5. The effect of temperature and parameter on Jeans mass
The impact of Jeans mass modified by GUP on temperature and GUP parameters can be more clearly recognized in light of the previous calculation findings. For further analysis, we will draw the images using equations (57 ), (59 ) and (61 ). To make the drawing of the image simpler, it takes G = μ = ρ0 = 1. It is worth noting that we restrict the value range of the temperature and GUP parameters to avoid the generation of imaginary numbers.

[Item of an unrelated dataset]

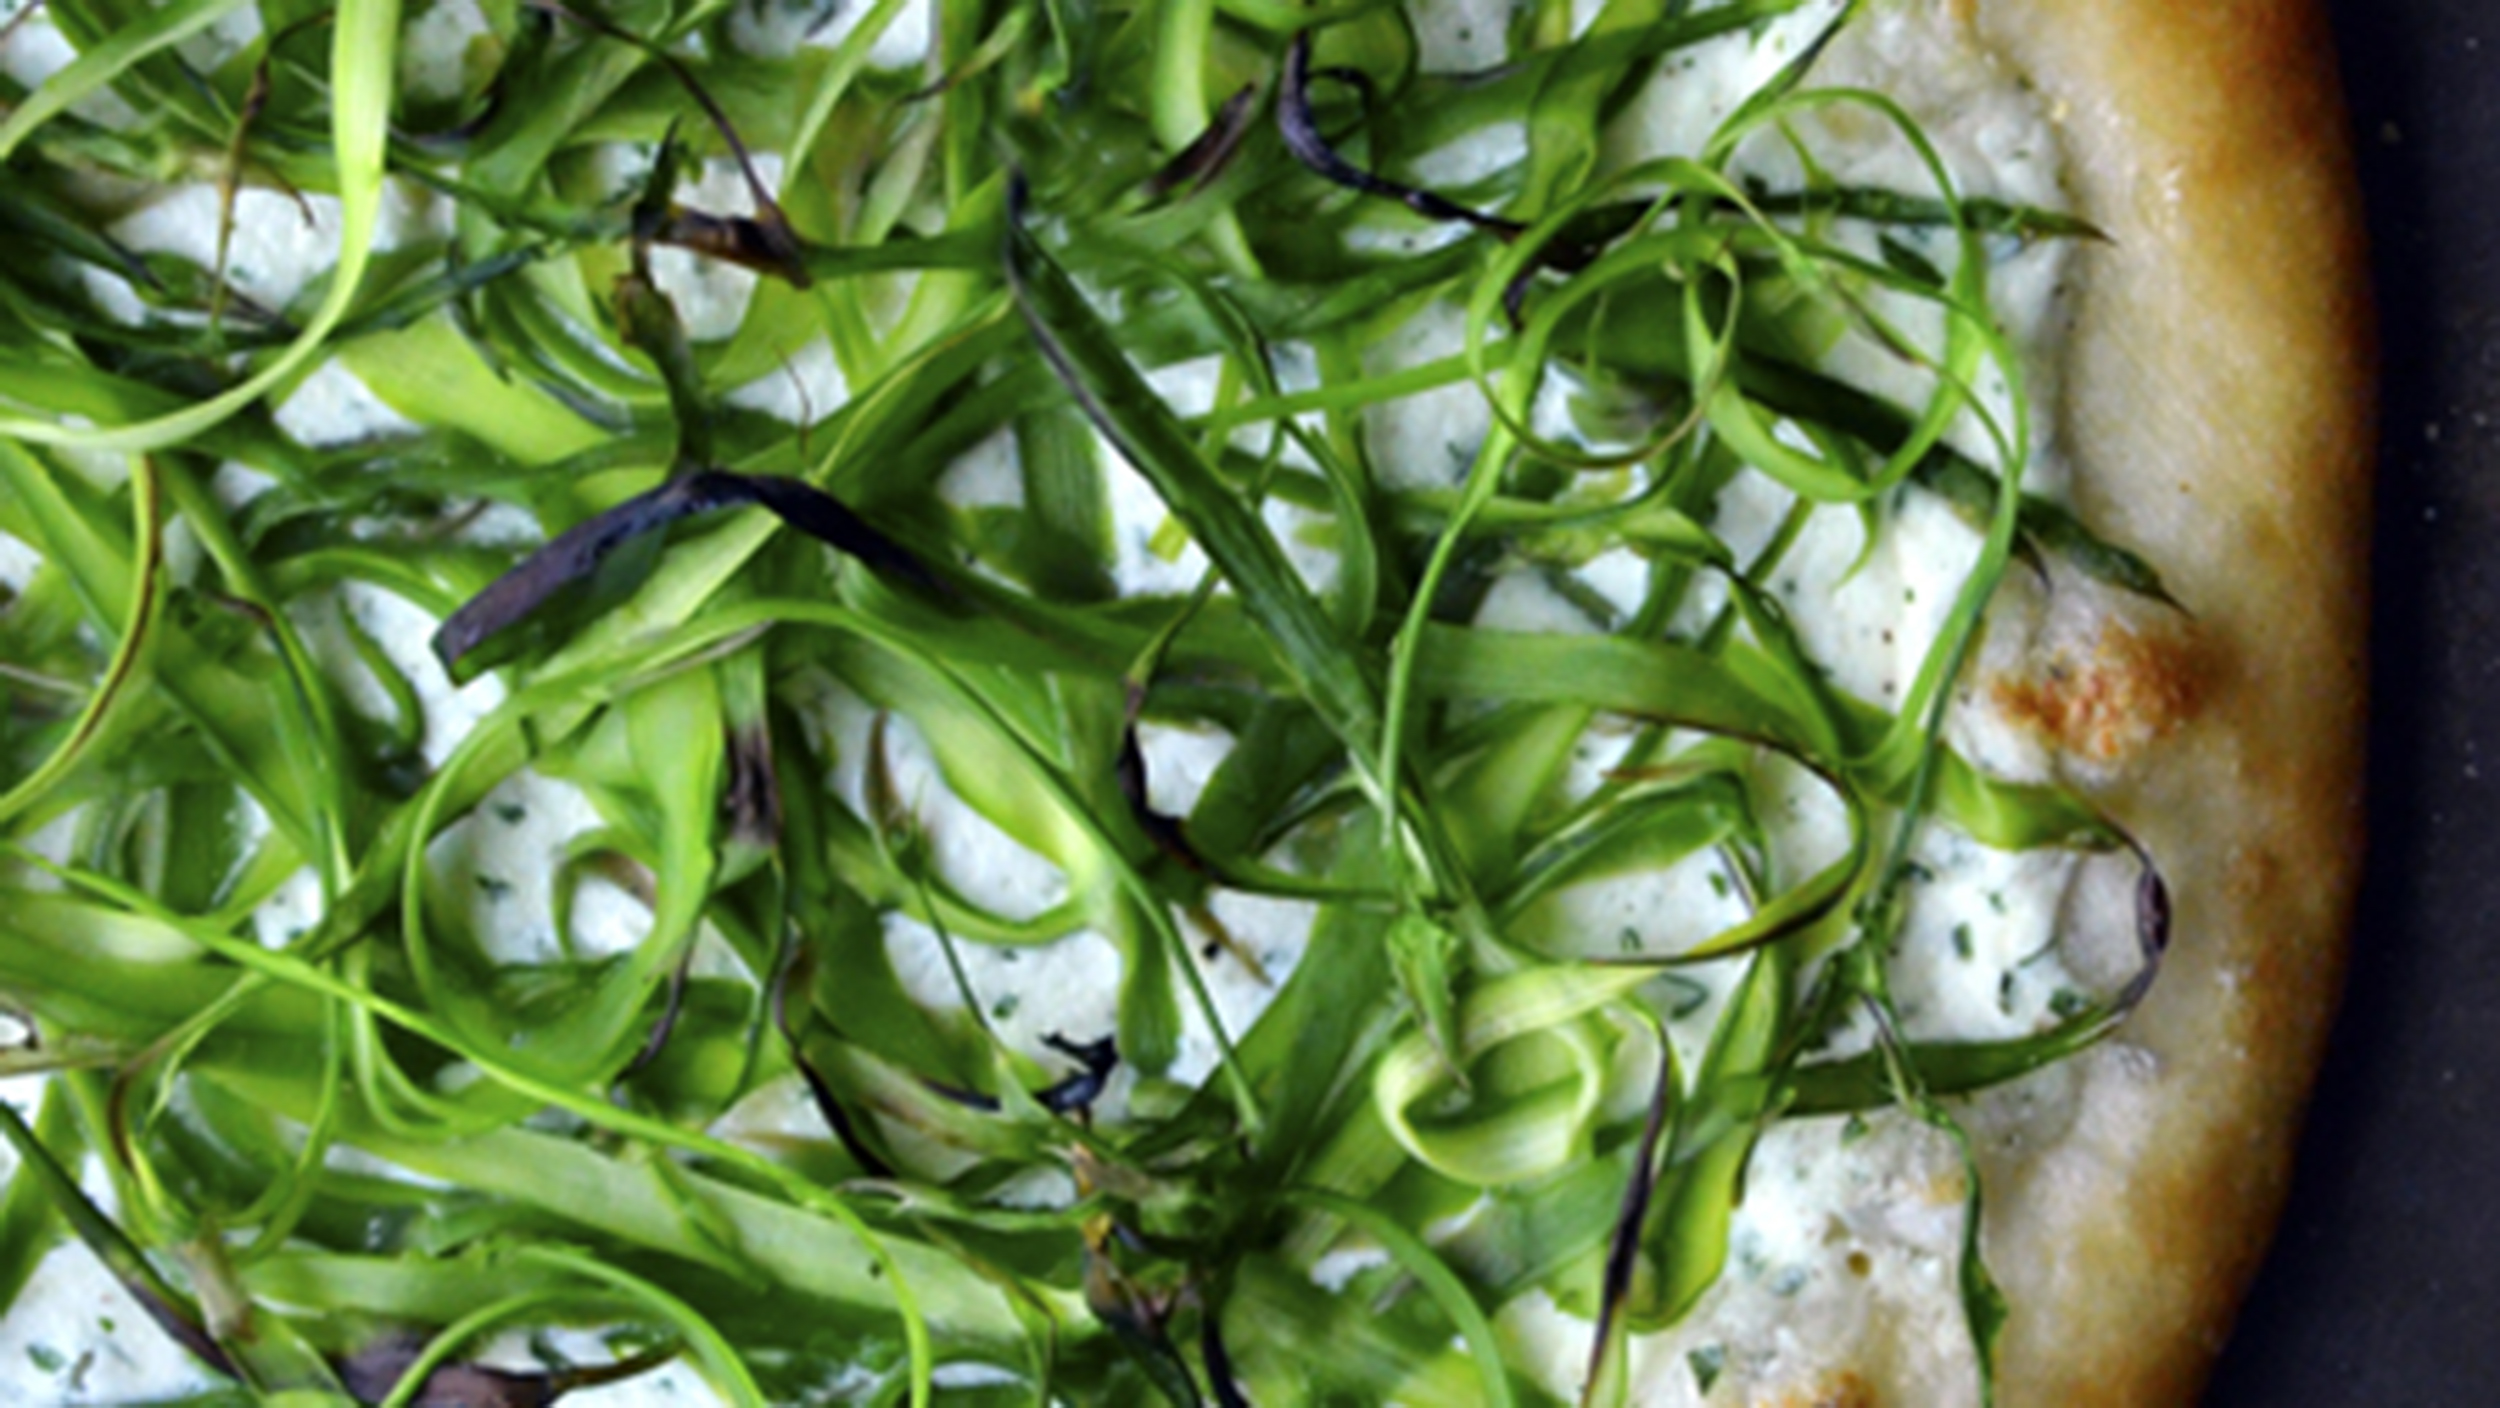 Go green! Fresh asparagus recipes for spring - TODAY.com

In general, the GUPs have positive parameters, which lead to the existence of a minimum length. However, [19, 56, 57] show that the parameters of the GUP should be negative rather than positive in some cases. In particular, [56, 58–60] show that in the case of high energy or large mass, the GUP principle will have negative parameters, which will lead to the removal of the minimum length, and physics will return to the classical state. Since Jeans mass represents the collapsing mass of a galaxy, it faces a massive system. Therefore, to complete the analysis, we will discuss the positive and negative parameters of the GUP. It is also important to note that to better analyze the differences between the three GUP corrections, for the degree of change (the mean curvature of the change) of the modified mass curve, we only compare the mass curves given by the three GUPs, without referring to the original mass curve ${M}_{\mathrm{HUP}}^{J}$ given by HUP.
First, we consider the case where the parameters are positive. In figure 1, it can be seen that there is a change in Jeans mass with temperature T after three different forms of GUP modification. These corrected masses are significantly smaller than the original mass ${M}_{\mathrm{HUP}}^{J}$, which is consistent with the observation conclusion [9, 10].

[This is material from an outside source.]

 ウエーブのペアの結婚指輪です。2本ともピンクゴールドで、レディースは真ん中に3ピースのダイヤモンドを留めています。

Figure 1. Functions of Jeans mass on temperature are given by HUP, Pedram, KMM and CH when β = 0.5, η = 0.5 and γ = 0.5. |
On the other hand, the mass after GUP correction depends on the degree of temperature change in a different way; the mean curvature of mass modified by Pedram with temperature changes is the smallest and gentlest. However, as the temperature increases, it increases and then decreases, compared with the other two curves, and represents a much smaller value than the value of the original mass. The average curvature of mass modified by KMM with temperature changes is large and obvious. However, with the increase in temperature, the quality of its correction gradually becomes stable. The average curvature of mass with temperature modified by CH is the largest, and the corrected mass also continues to rise with the increase in temperature. It is closer to the original mass than the other two curves.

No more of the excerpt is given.